# Information supplied
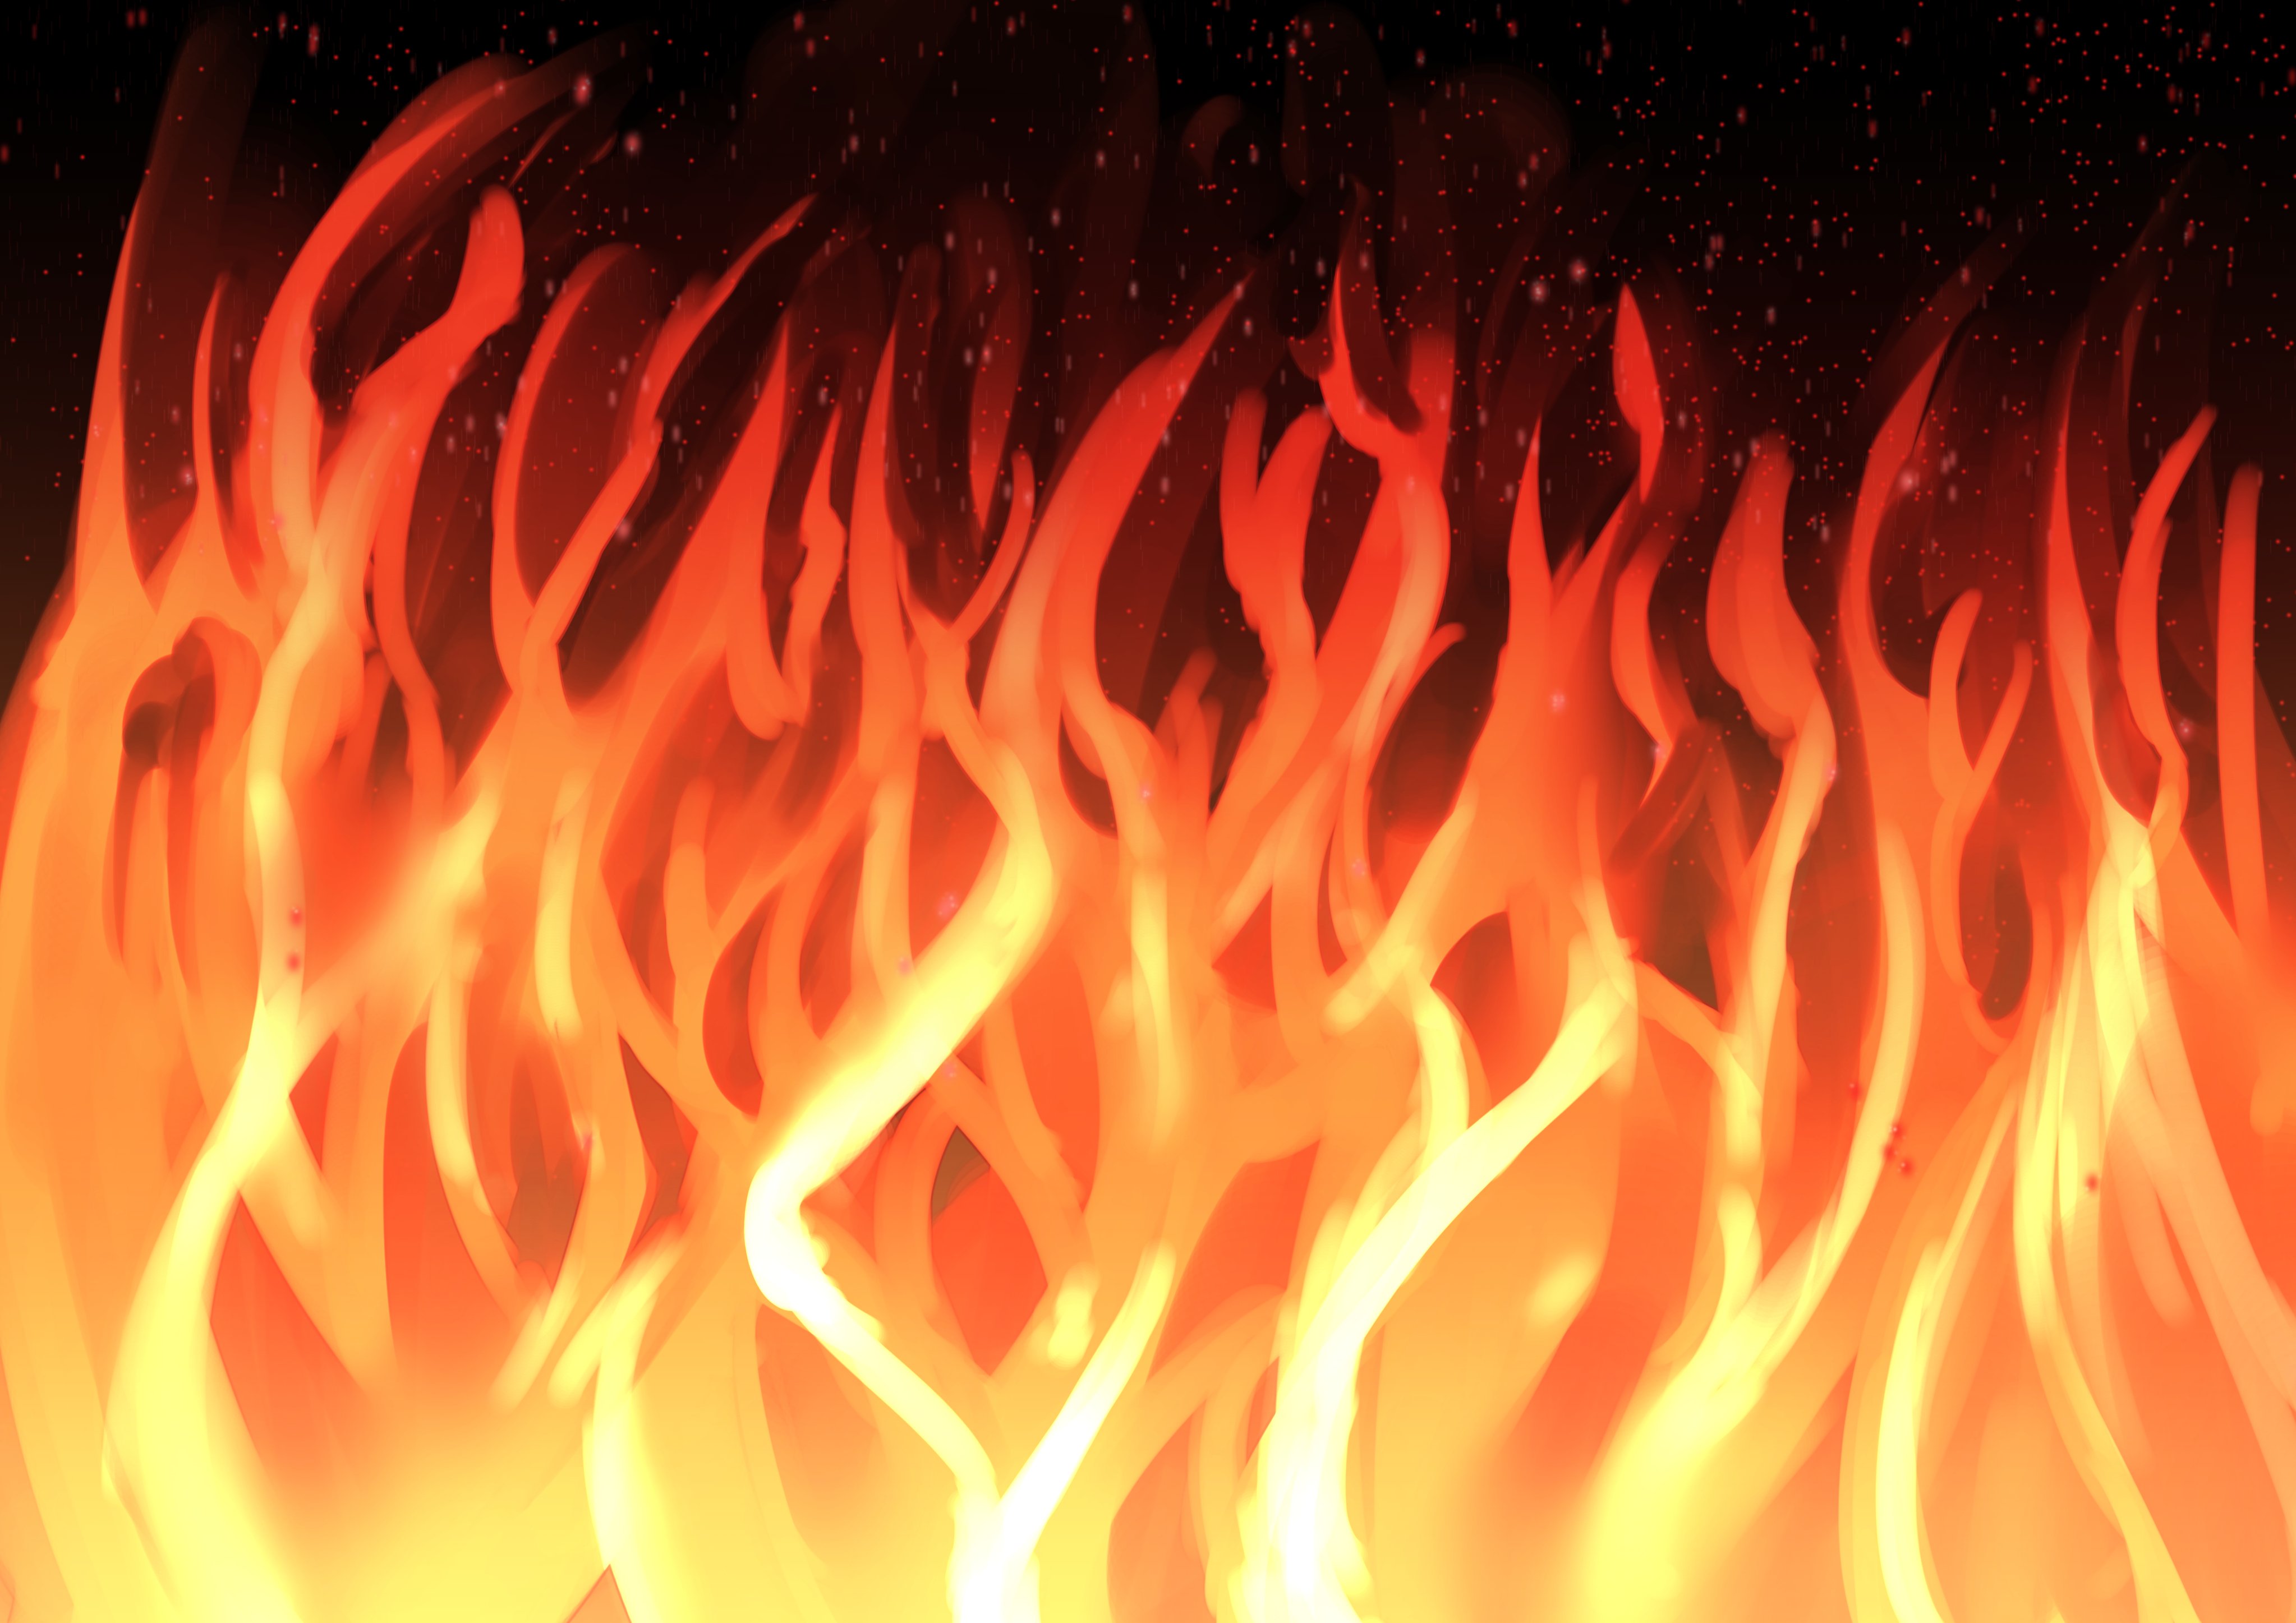 マオ 炎のエフェクトを描きました フリー素材です よろしければ使ってやってください 炎 エフェクト フリー素材 オリジナル イラスト Fire Effects T Co Lsgztka1ot Twitter
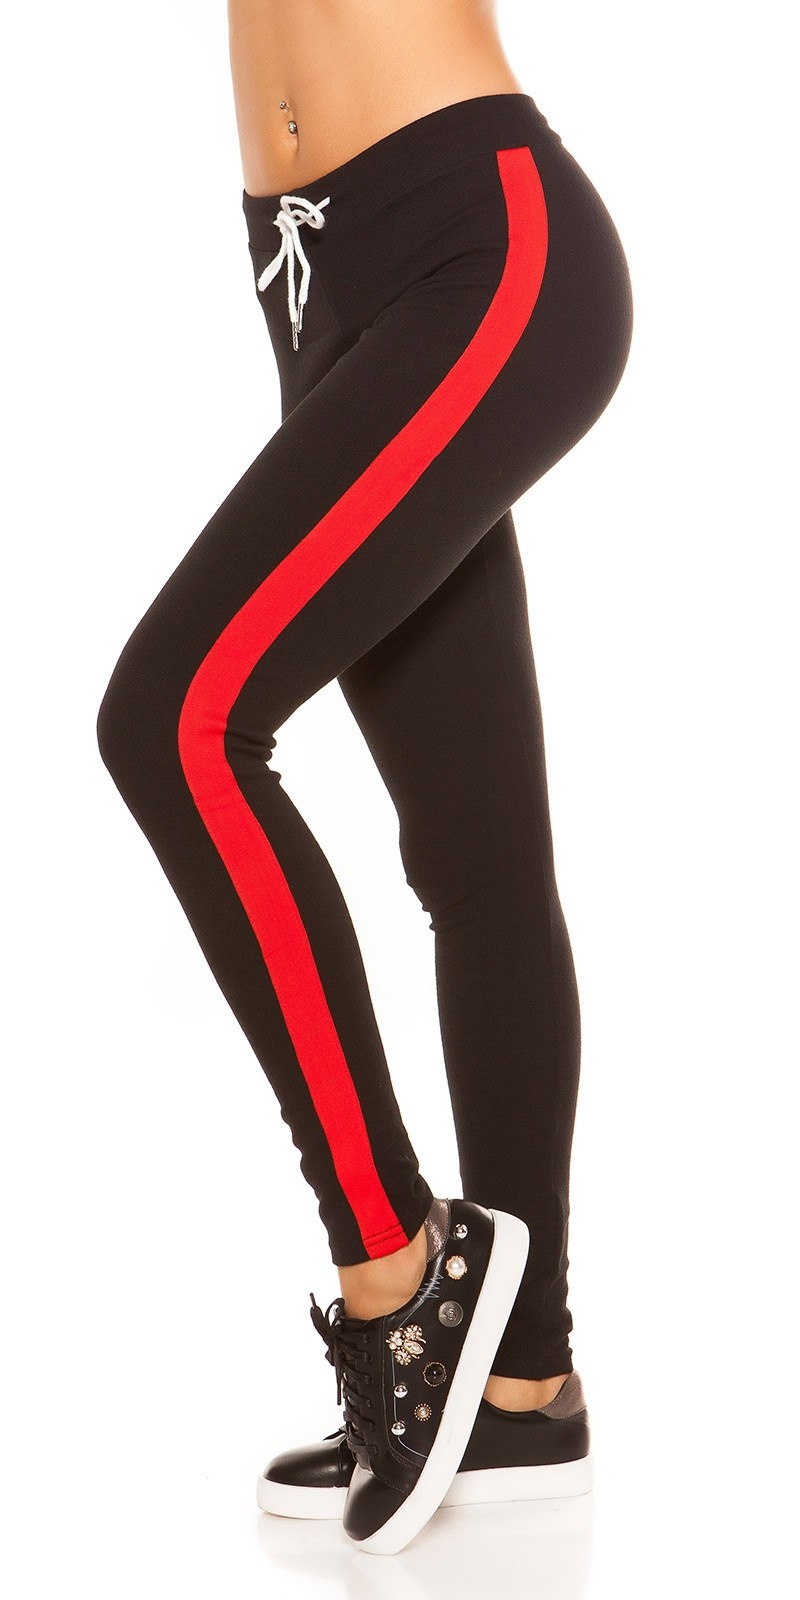 Trendy joggingbroek met contrast strepen, zwart rood
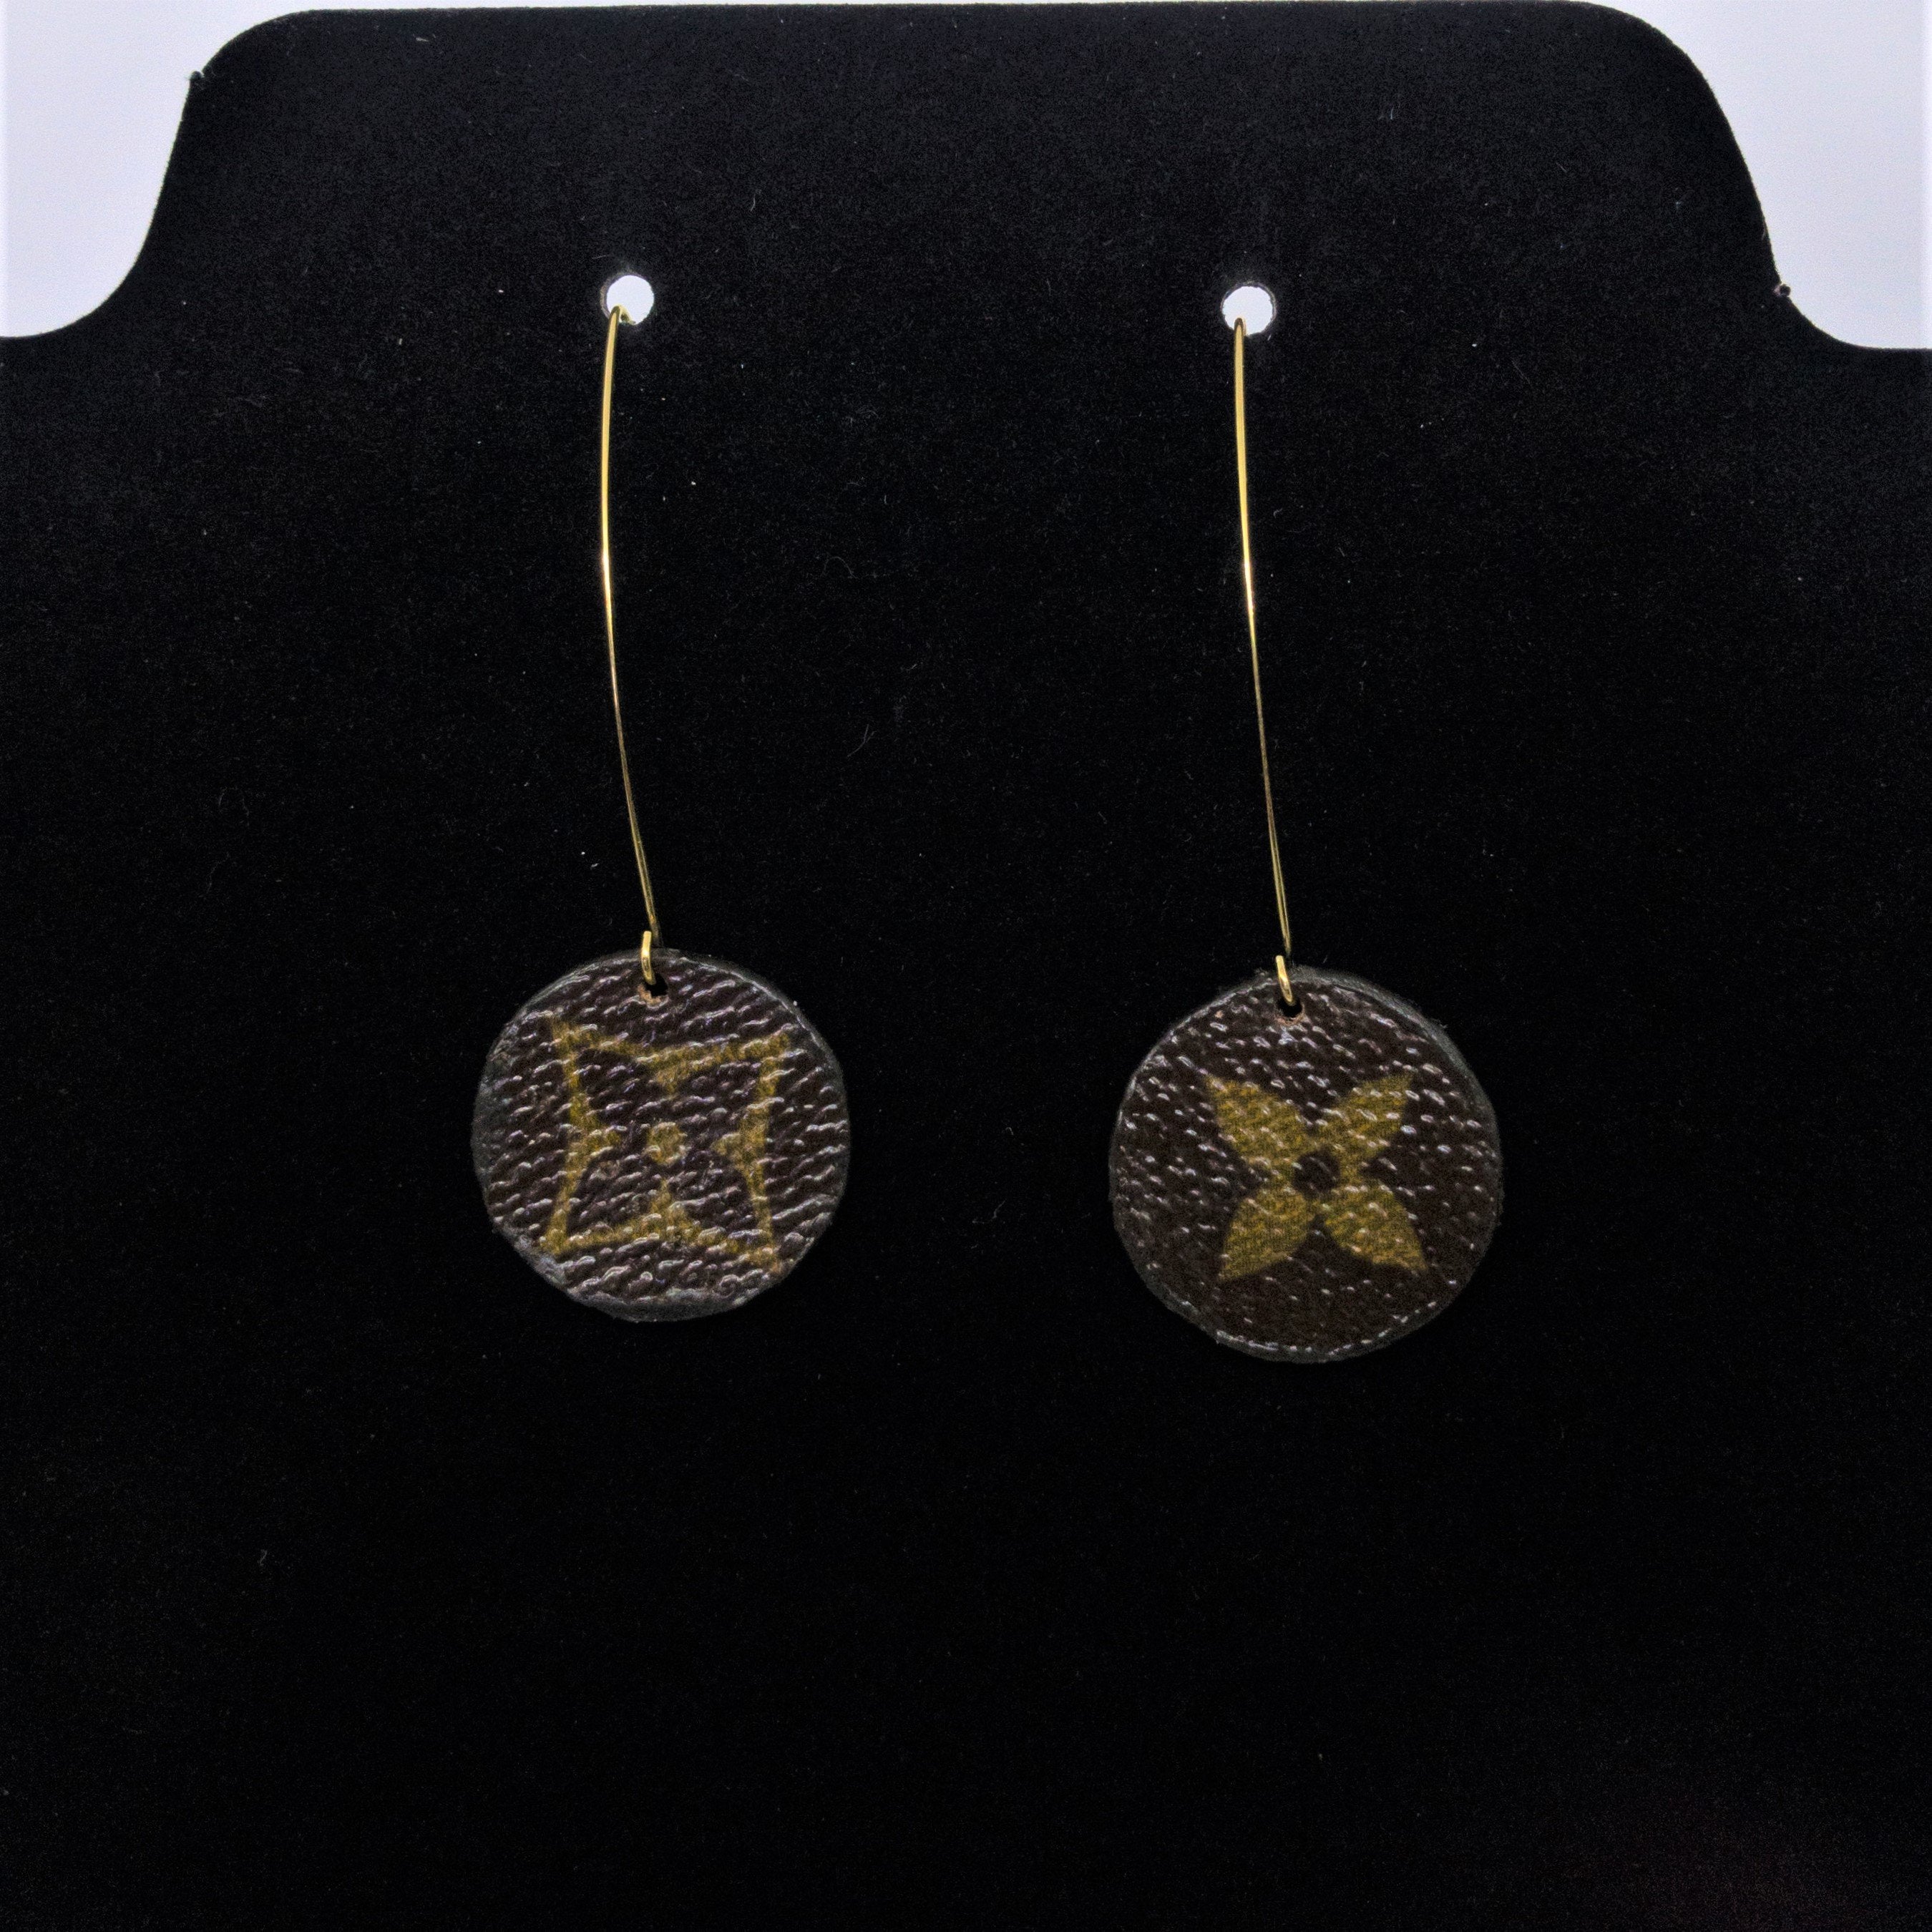 Handmade repurposed Louis Vuitton earrings

# Description of the task
Please repeat all of the data exactly, excluding images.

# Solution for this task
 マオ 炎のエフェクトを描きました フリー素材です よろしければ使ってやってください 炎 エフェクト フリー素材 オリジナル イラスト Fire Effects T Co Lsgztka1ot Twitter
 Trendy joggingbroek met contrast strepen, zwart rood
 Handmade repurposed Louis Vuitton earrings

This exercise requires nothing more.